Humberto Maturana y Francisco Varela, nos plantean en su libro El árbol del conocimiento que “el observador es un sistema viviente, y el entendimiento del conocimiento como fenómeno biológico debe dar cuenta del observador y su rol en él” (p. 17)

Por esto, a través de la novela y, de los ojos del protagonista (220), vamos observando que existe otra realidad, no tan evidente, pero que el autor quiere que veamos. Este actuar tiene consecuencias, que se condicen con la utopía planteada por el  sistema. Presenta irregularidades, que el personaje va develando a medida que transcurren los hechos. Él es investigado por la desaparición de la Operadora 305, a esto se suma que recibe una transmisión no autorizada, denunciando que la droga Buxín, provoca mutaciones en los genes y como consecuencia, esterilidad irreversible. Es decir, la especie está en peligro de extinción. 



Esta información, la extraña desaparición de la Operadora 305 y la noticia de que es apresado el Improductivo 410 por la muerte del científico Summers, cuando él sabe que el verdadero motivo es que el propio Summers le suministró ese informe. Todo esto lo confunde y hace que comience el cuestionamiento. Cuando un Improductivo es denunciado por delito de improductividad, cae en manos del Instituto de Genética que toma sus cuerpos, como conejillos de indias, inyectando virus letales y aplicando pruebas genéticas. Aparte está el Centro de Matrices Ovulares, encargados de la clonación humana. Y en el Banco de Órganos, los órganos de los Improductivos son extraídos para ser trasplantados a un nuevo Gerente. 
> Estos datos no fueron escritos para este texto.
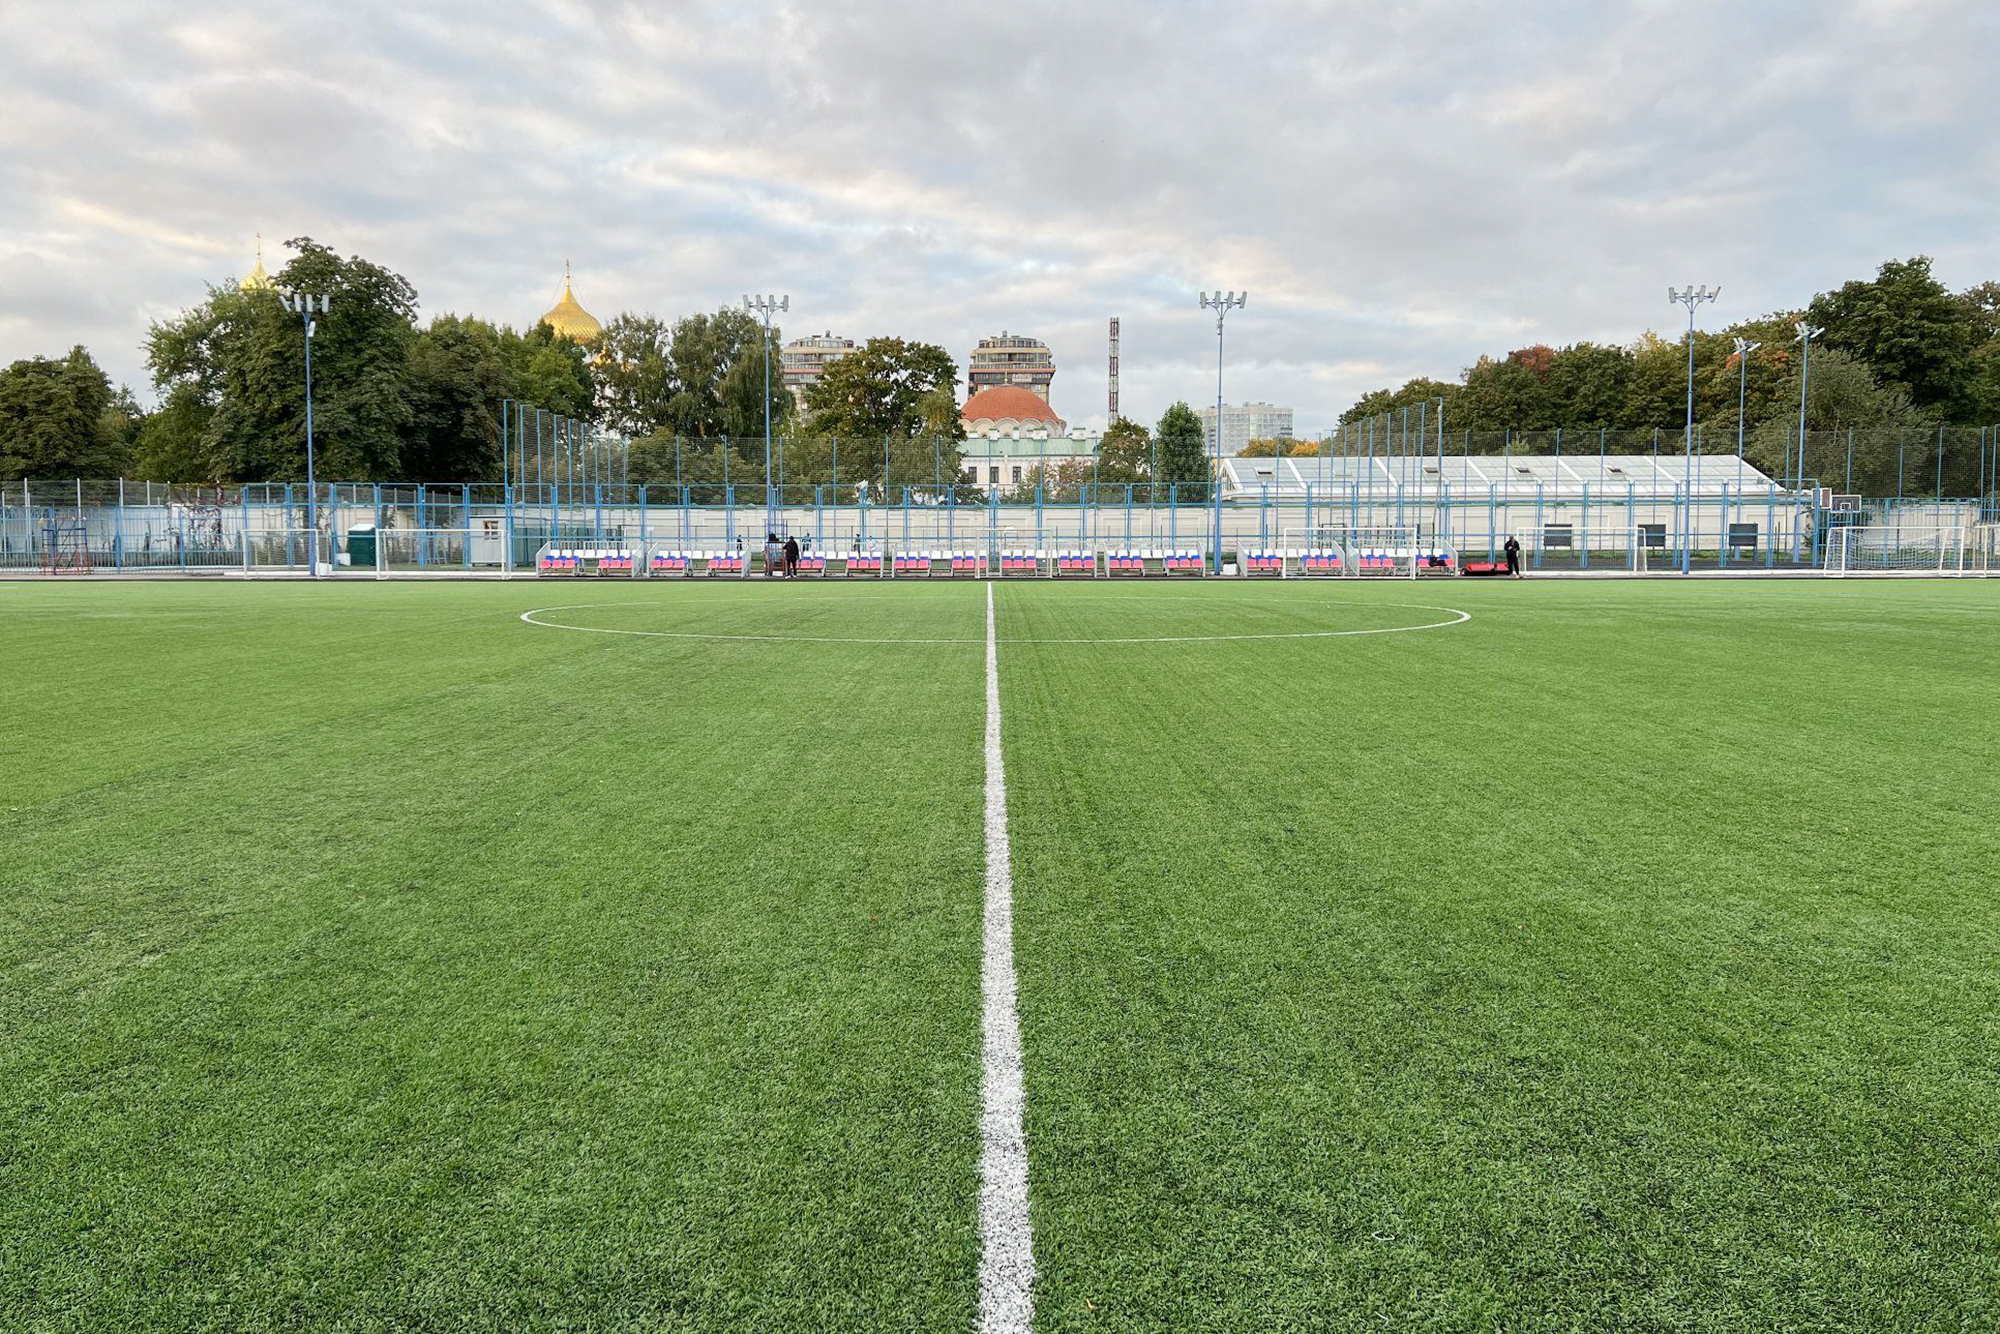 Так выглядит стадион «Скороход» в Московском районе Санкт-Петербурга, на котором тренируются и играют молодежные команды
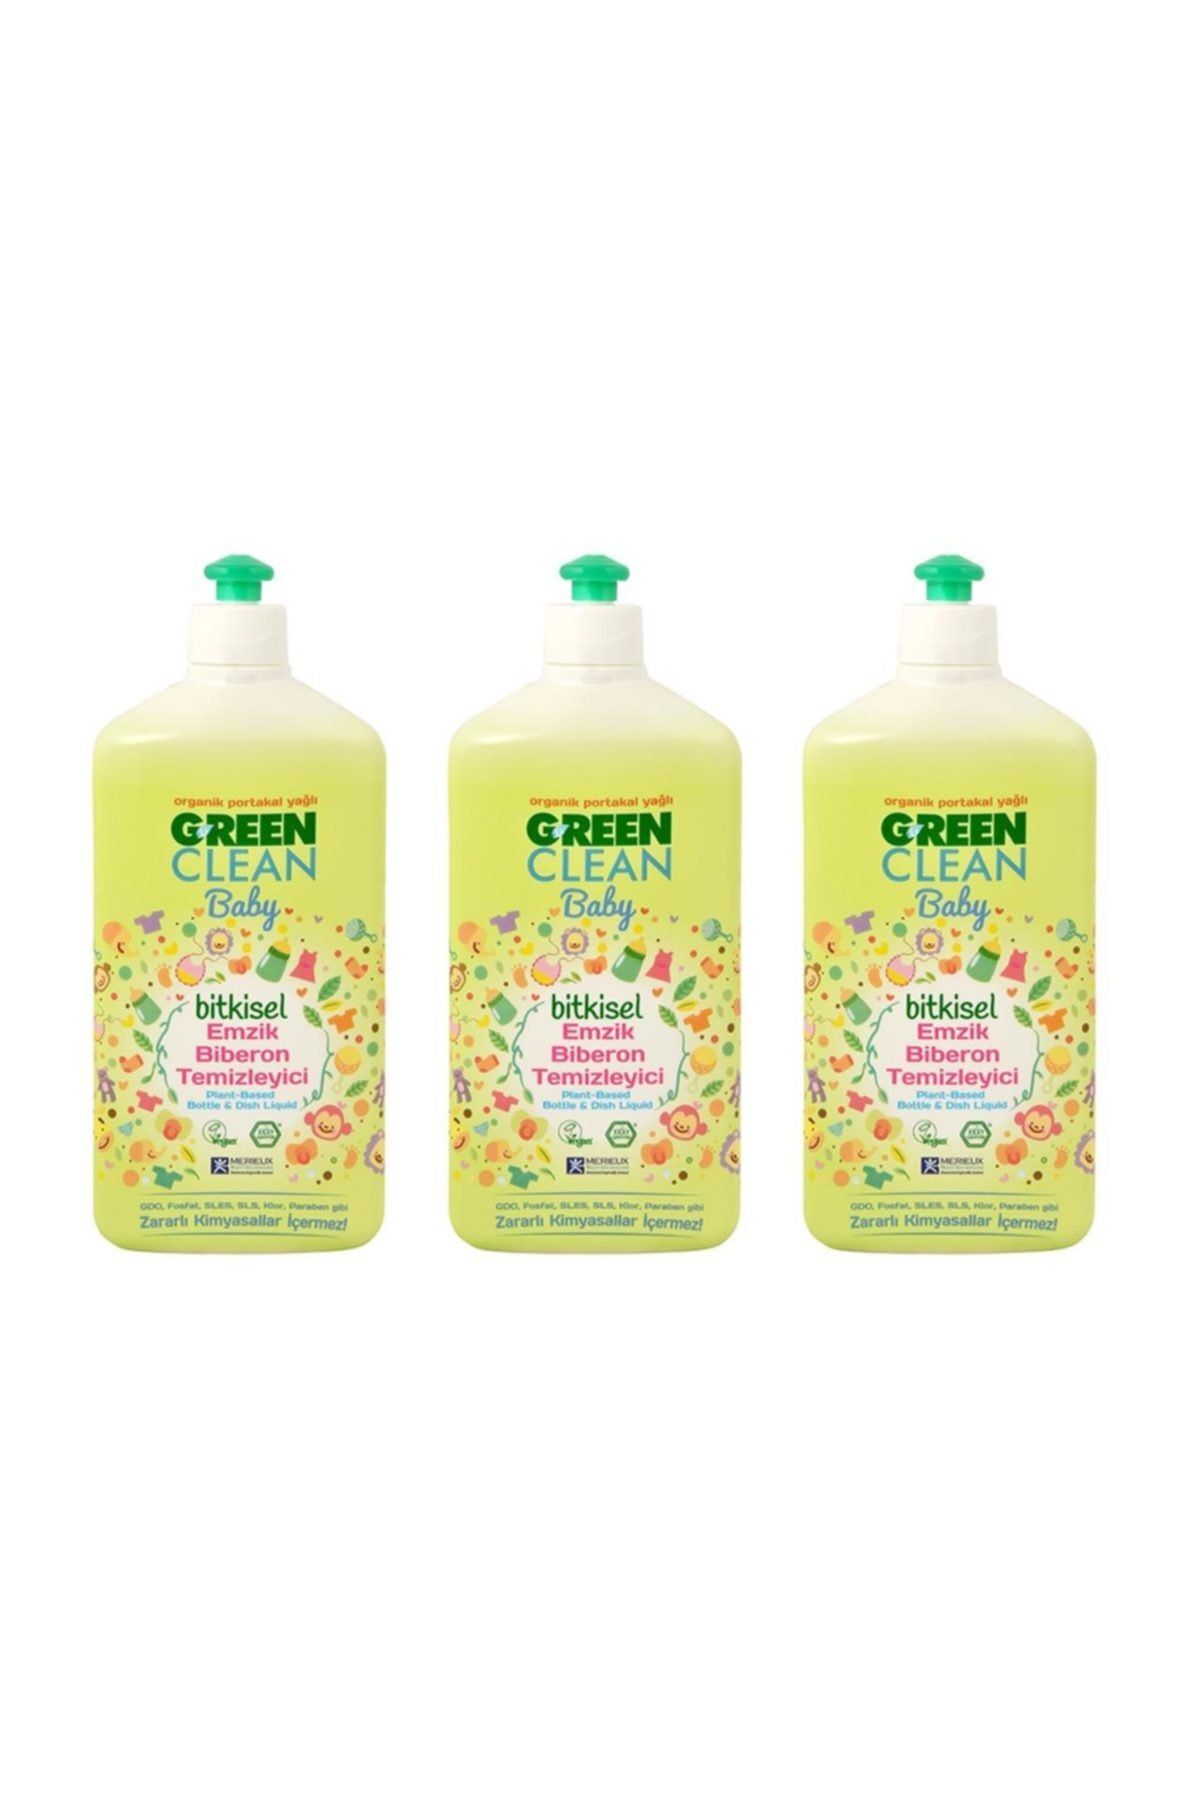 Green Clean Organik Portakal Yağlı Baby Biberon Emzik Temizleyici 500 ml - 3'lü set

Pero el error de la tecnología que han ocupado para clonar a los Operadores productivos y crear este engranaje perfecto, como si fuese una máquina; radica en que las nuevas generaciones serían descendientes de los Improductivos, ya que los productivos para lograr la máxima productividad, se aplican Buxín, que es la droga de infertilidad.


En consecuencia, el protagonista advierte que el sistema de los Hacedores no se detendrá ante nada ni nadie, sin importar que la especie se extinga. La enfermiza adicción al poder monopolizado deja en evidencia la nueva grieta, que conlleva la quiebra del capitalismo global y de la humanidad. 

Vale más desechar que tener que remendar, nos diría Aldous Huxley en su obra Un Mundo Feliz (capítulo 5), y es que, resulta inevitable al leer la obra de Londoño, no recordar a este autor y hacer una analogía, donde el desarrollo de la tecnología reproductiva y el avance futurista desmesurado, hace perder otros aspectos humanos. Así como también cabe mencionar a Ray Bradbury, quien decía que no intentaba describir el futuro, si no prevenirlo; referencia que Cristián Londoño aplica cuando deja entrever que el engranaje perfecto de la máquina será destruido. Como resultado a esto, la obra provoca un estado de alerta, e invita al lector a cuestionar el sistema, con más conciencia sobre la humanidad.